--- Exercise description ---
All of the data below should be printed again word for word, pictures excluded.

━━ Collected material

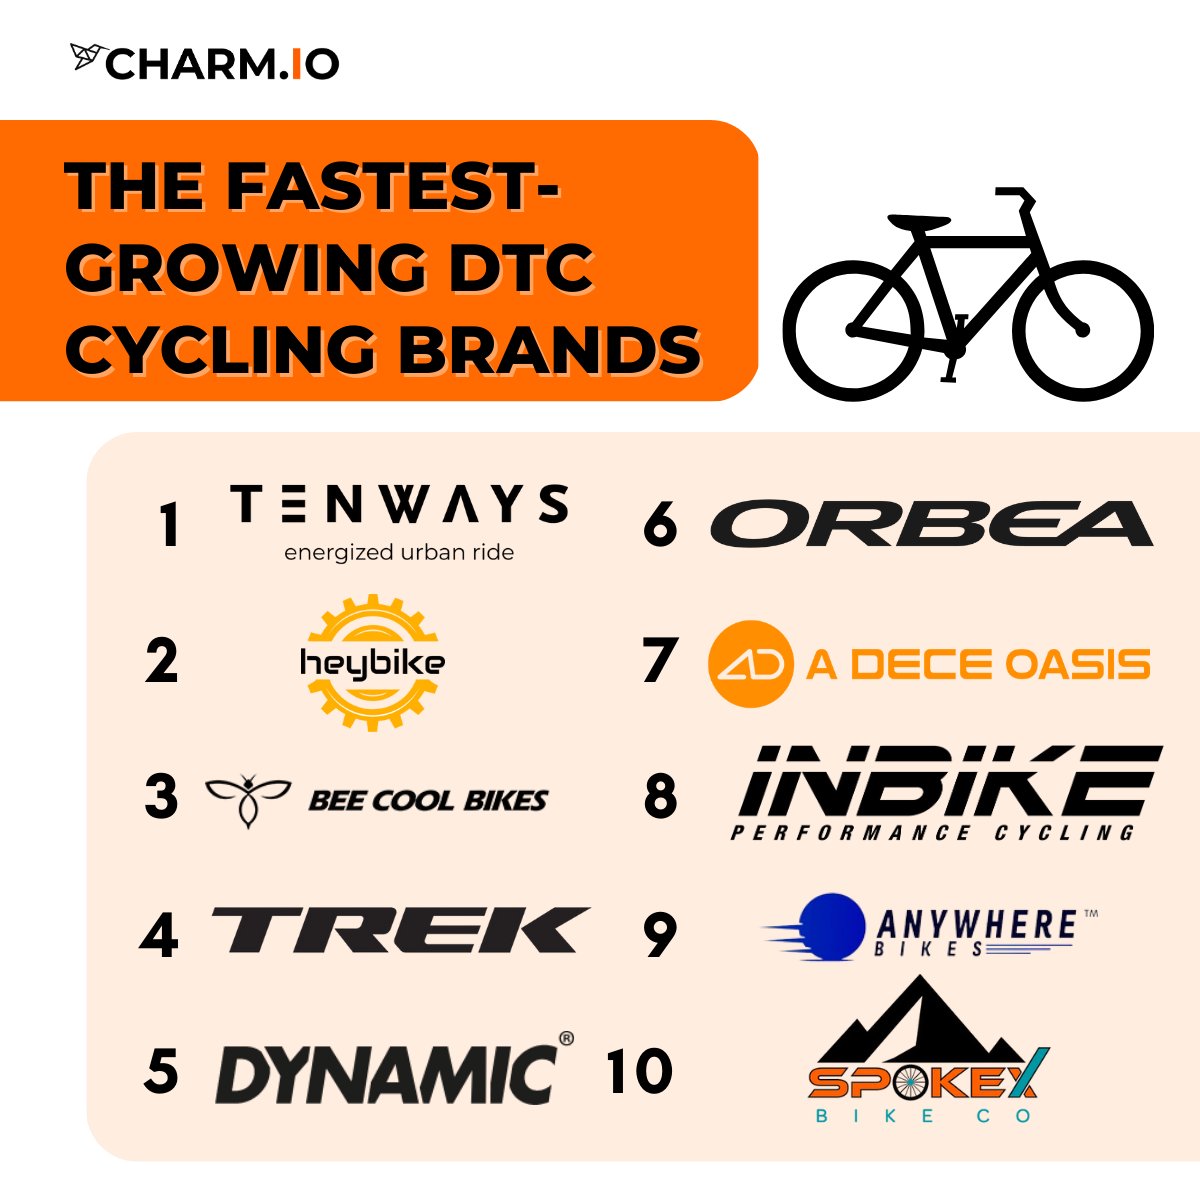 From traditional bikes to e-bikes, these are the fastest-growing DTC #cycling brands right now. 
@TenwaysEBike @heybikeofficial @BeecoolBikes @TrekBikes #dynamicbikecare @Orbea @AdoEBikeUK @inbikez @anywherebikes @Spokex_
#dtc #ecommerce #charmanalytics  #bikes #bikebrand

━━━━

--- Task output ---
 From traditional bikes to e-bikes, these are the fastest-growing DTC #cycling brands right now. 
@TenwaysEBike @heybikeofficial @BeecoolBikes @TrekBikes #dynamicbikecare @Orbea @AdoEBikeUK @inbikez @anywherebikes @Spokex_
#dtc #ecommerce #charmanalytics  #bikes #bikebrand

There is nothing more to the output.